Tout ça pour dire qu’Harmonium est entré dans ma vie avant Beau Dommage. Et s’il fallait choisir, je dirais que je suis plus de l’équipe Fiori que de celle de Rivard, même si le destin de ces deux-là sont intimement liés, et que chacun a transformé le Québec à sa manière.

Six semaines après avoir acheté Harmonium (disque à la pochette plus qu’improbable avec, pour illustration, une gravure de Nicolas II de Larmessin 1632-1694), j’ai eu la chance de voir le groupe une première fois dans ma région. Plus précisément à l’Astrolabe, théâtre en plein air situé sur la Pointe Nepean à Ottawa avec vue sur la rivière des Outaouais, le pont Interprovincial et le Parlement du Canada. Un lieu magique, pour un spectacle qui l’avait été tout autant.

Après avoir écouté sans répit ce premier disque éponyme, je n’ai pas eu longtemps à attendre pour me mettre de nouvelles chansons d’Harmonium dans les oreilles. Le 15 avril 1975 sort Les cinq saisons.

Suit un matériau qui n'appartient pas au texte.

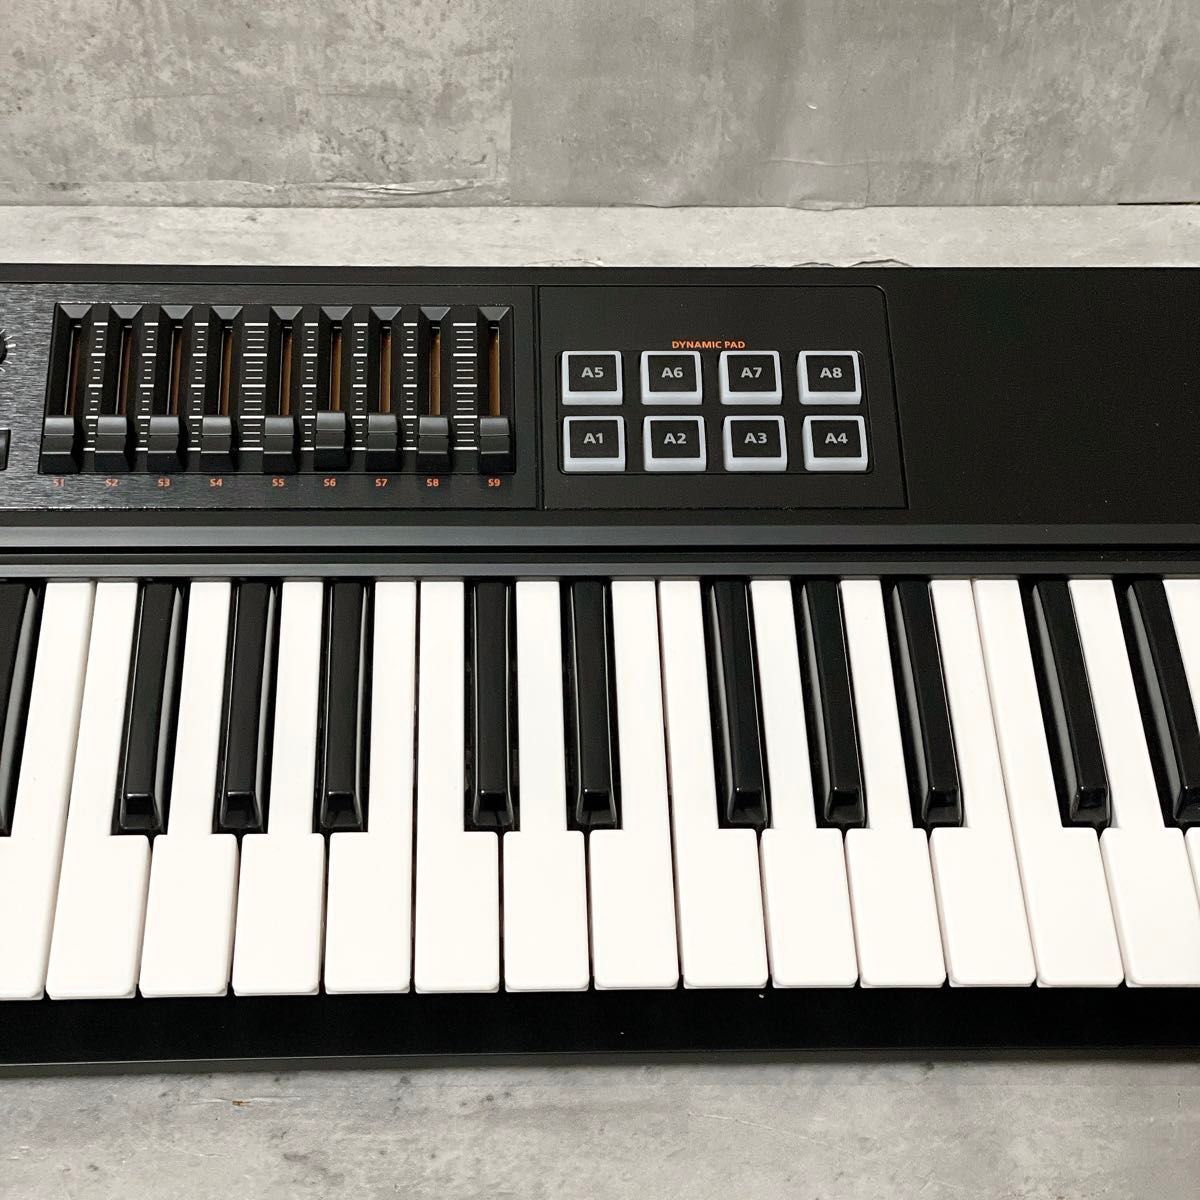  прекрасный товар Roland Roland MIDI клавиатура контроллер A-800PRO-R 61 клавиатура A-800PRO клавишные инструменты композиция удар включено 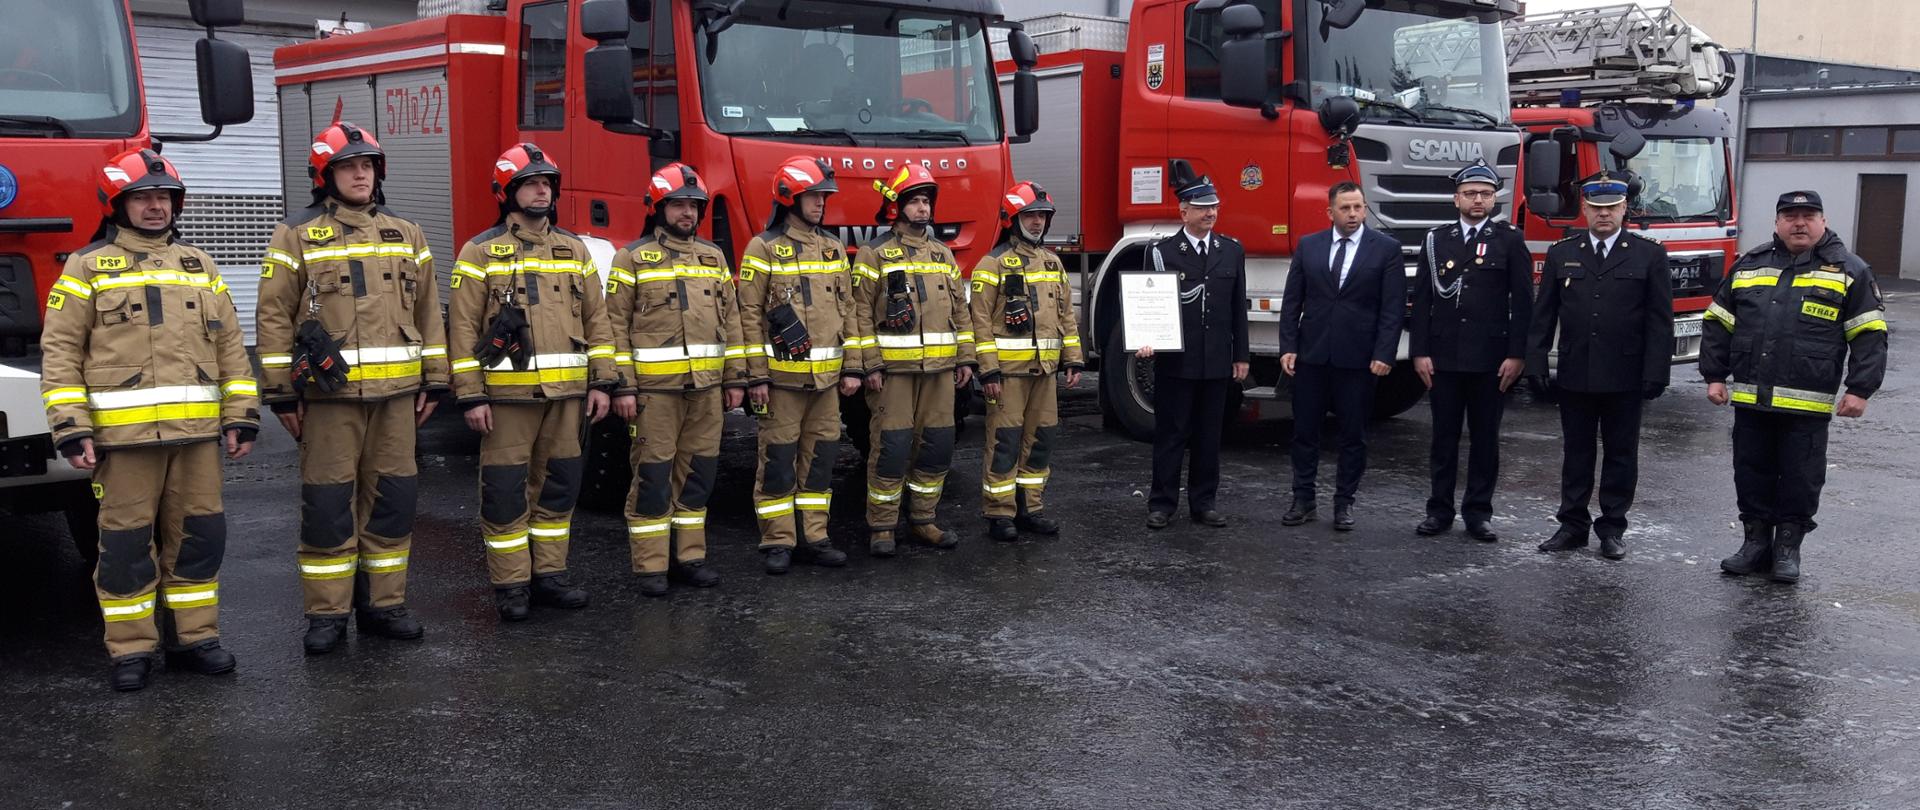 Ustawieni w rzędzie strażacy w mundurach bojowych obok nich Komendant Powiatowy z Zastępcą oraz przedstawicielam Gminy Prusice, Komendantem Gminnym OSP Prusice oraz Prezesem OSP Pawłów Trzebnicki

Dans mon journal intime, en date du 19 avril 1975, j’écris :

 

‘’aujourd’hui j’ai acheté 2 belles chemises à manches courtes, et le disque d’Harmonium qui est très bon, d’ailleurs que papa aime (2e morceau)….’’

Pas surprenant que Marie-Joseph aime cette deuxième pièce, c’est la très singulière Dixie qu’on peut voir comme un hommage de Serge Fiori à son père Georges, chef d’un orchestre de style Big Band. Dixie est tellement différente du reste du disque. Mon père aimait aussi Laurence Welk et Ta-ra-ra Boom-de-Ay!  

Aussi entiché que j’aie pu être de la musique d’Harmonium, mon journal me confirme que j’ai manqué les trois spectacles que le groupe a donné dans l’Outaouais cette année-là : le 1er mars 75 au Centre national des arts, et les 1er et 2 avril 75 à la Polyvalente de Gatineau.

Ces deux représentations à Gatineau s’expliquent sans doute par l’origine du batteur d’Harmonium. Denis Farmer (1949-1993 était un fier natif de Gatineau (mort des suites d’un anévrisme au cerveau).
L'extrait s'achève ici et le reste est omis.